» **Your objective**: Among the entries that follow, locate the line with "Cutout illustration of" and the line with "The case caused". Output those lines and all lines in between, exactly, minus the pictures.
───── Data provided ─────
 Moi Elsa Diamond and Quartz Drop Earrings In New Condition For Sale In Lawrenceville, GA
─────
───── Data provided ─────
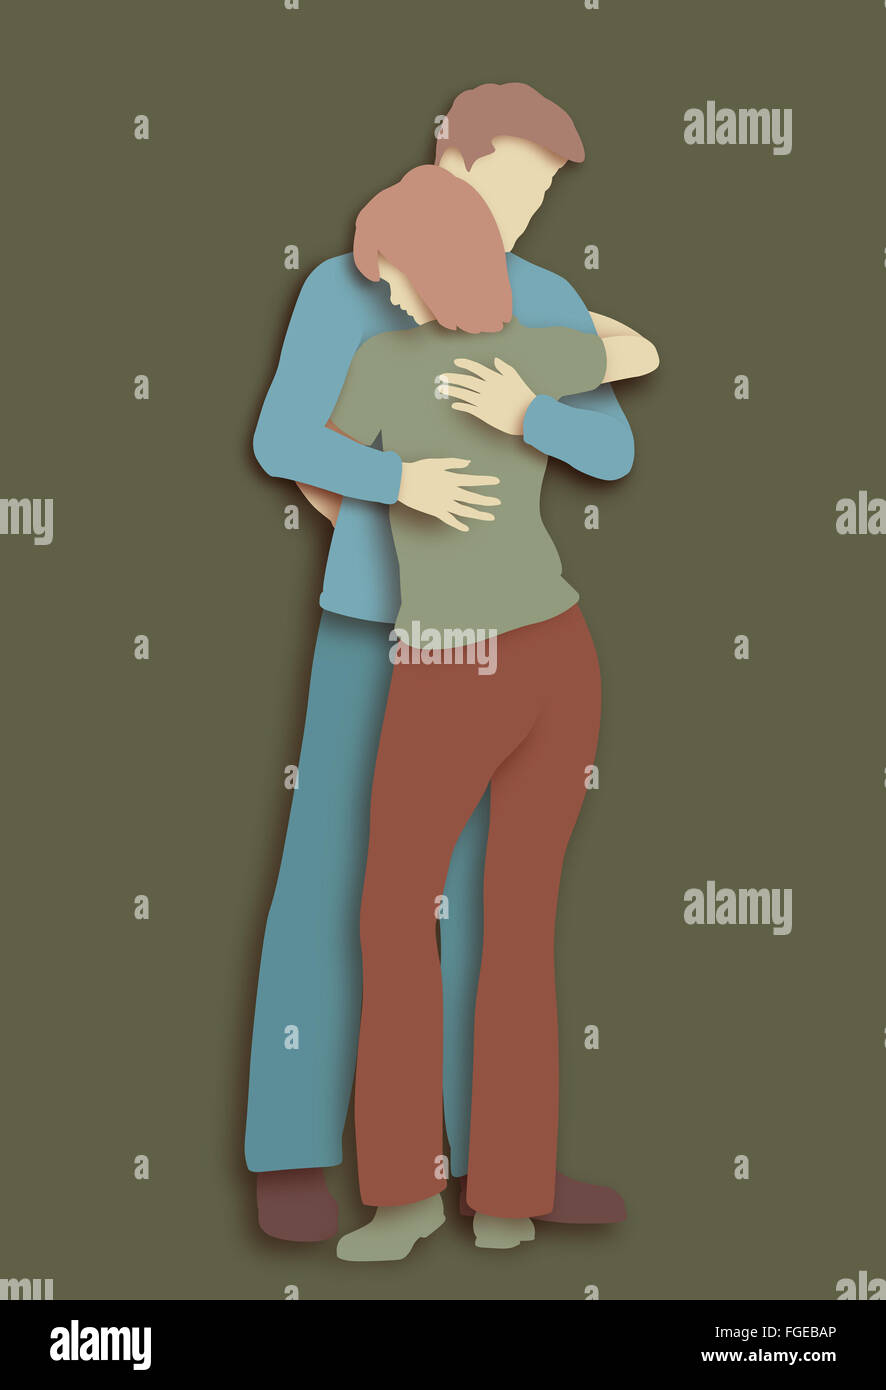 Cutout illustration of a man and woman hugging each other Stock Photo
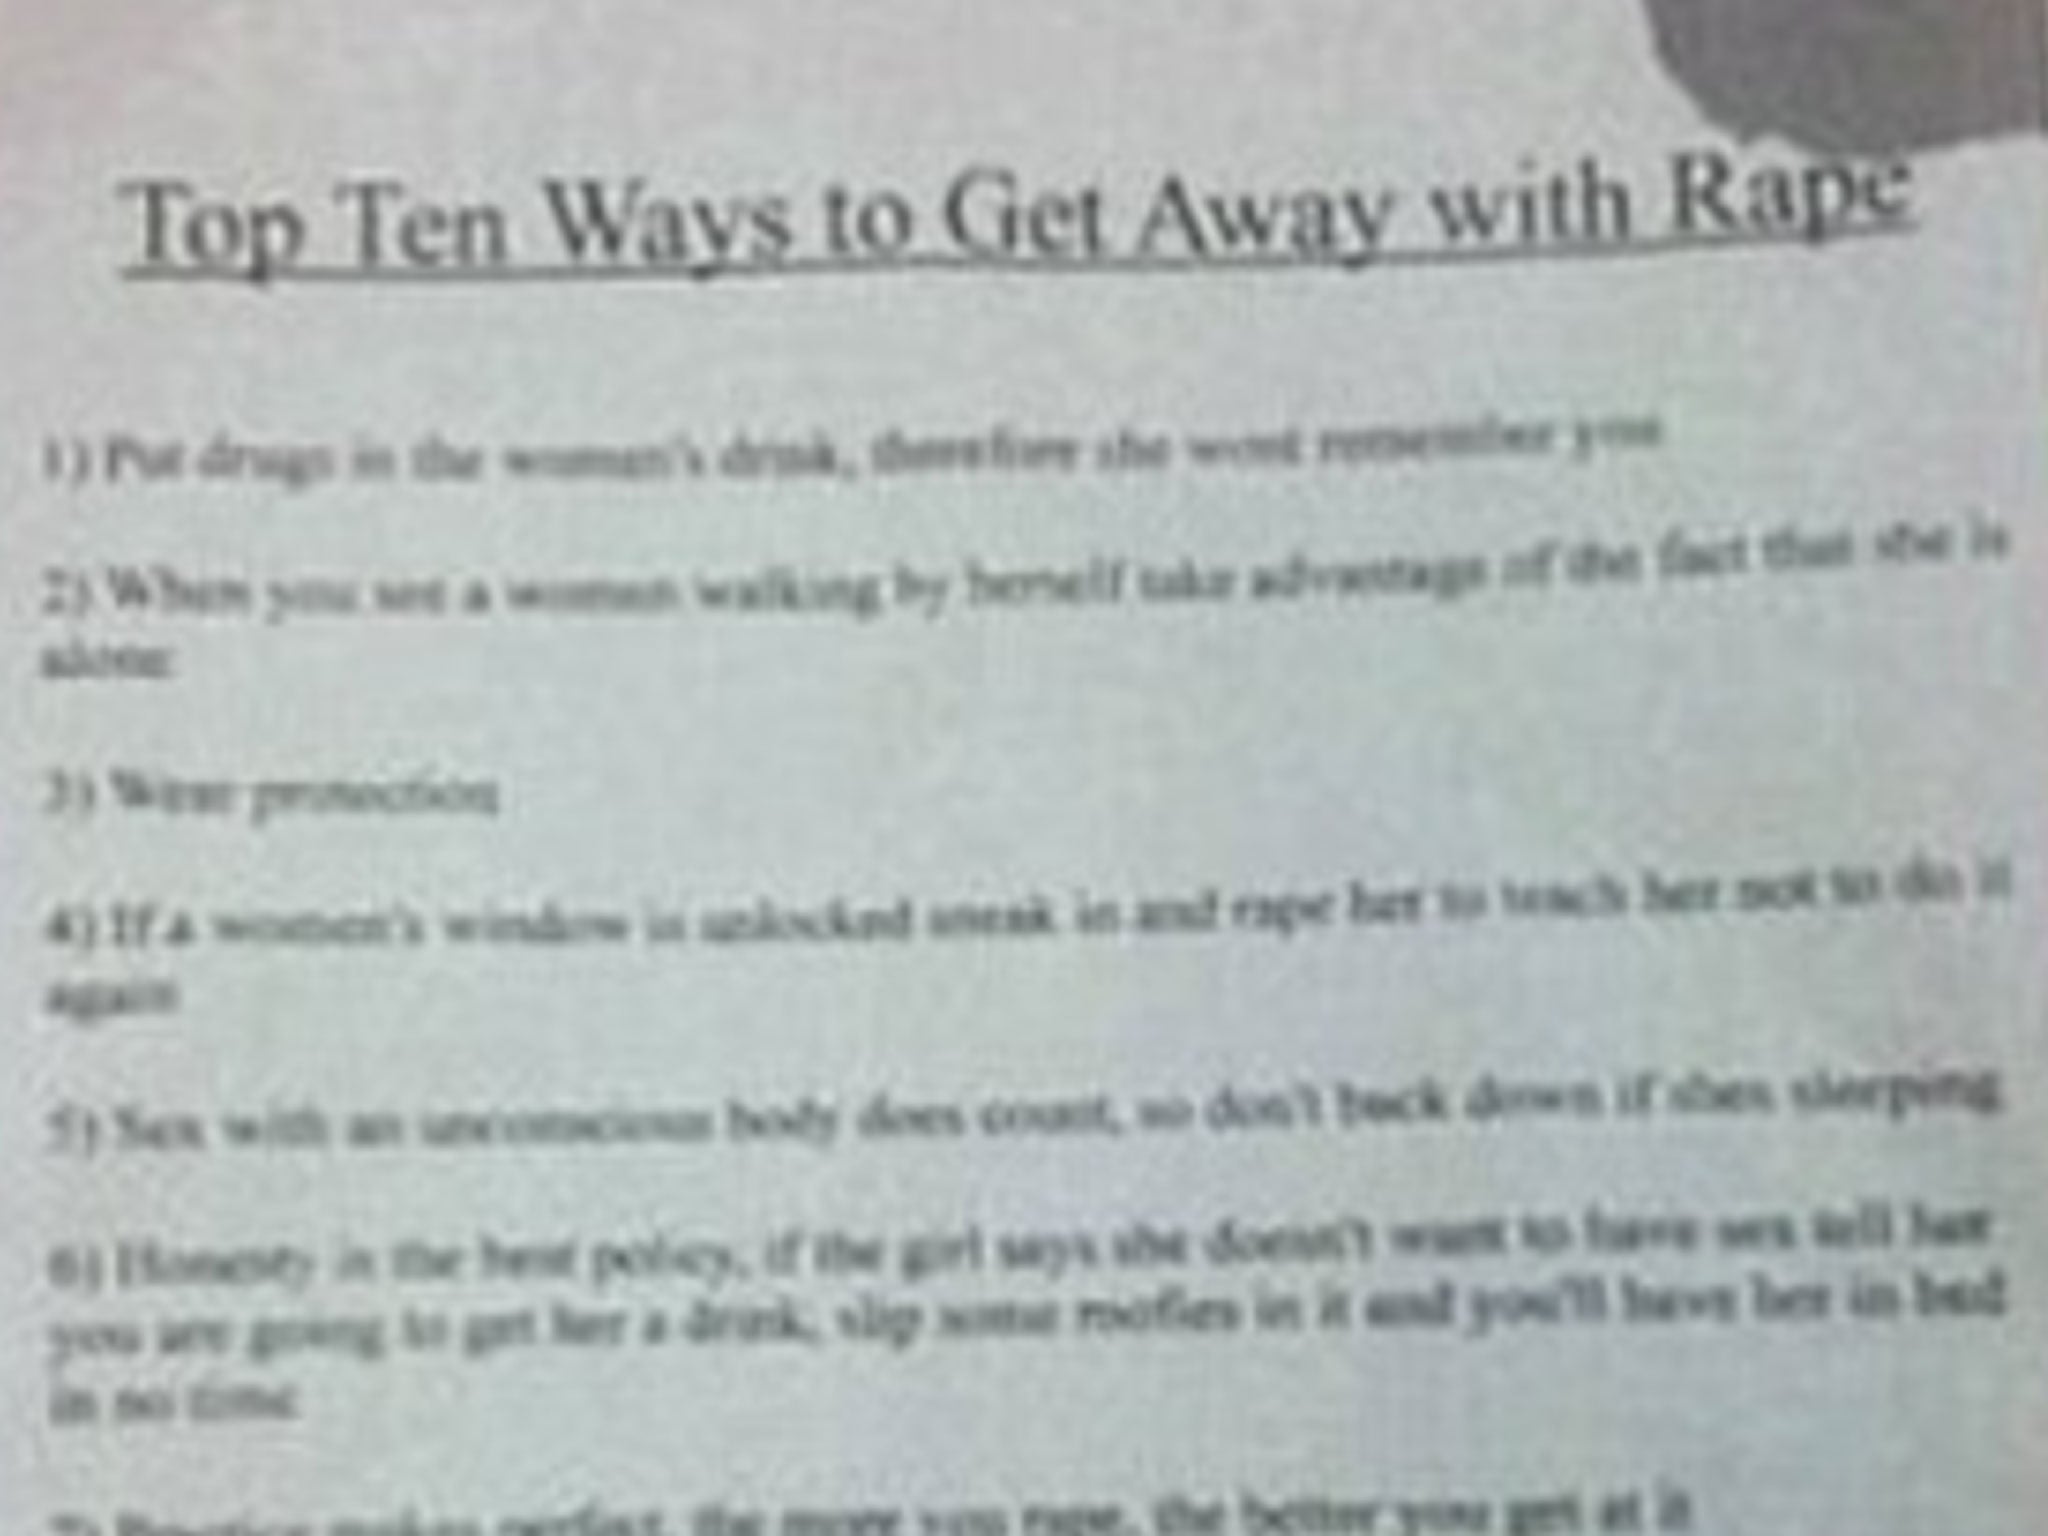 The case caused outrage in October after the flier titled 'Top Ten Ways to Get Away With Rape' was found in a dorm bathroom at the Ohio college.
─────
» **Answer to the exercise**:
 Cutout illustration of a man and woman hugging each other Stock Photo
 The case caused outrage in October after the flier titled 'Top Ten Ways to Get Away With Rape' was found in a dorm bathroom at the Ohio college.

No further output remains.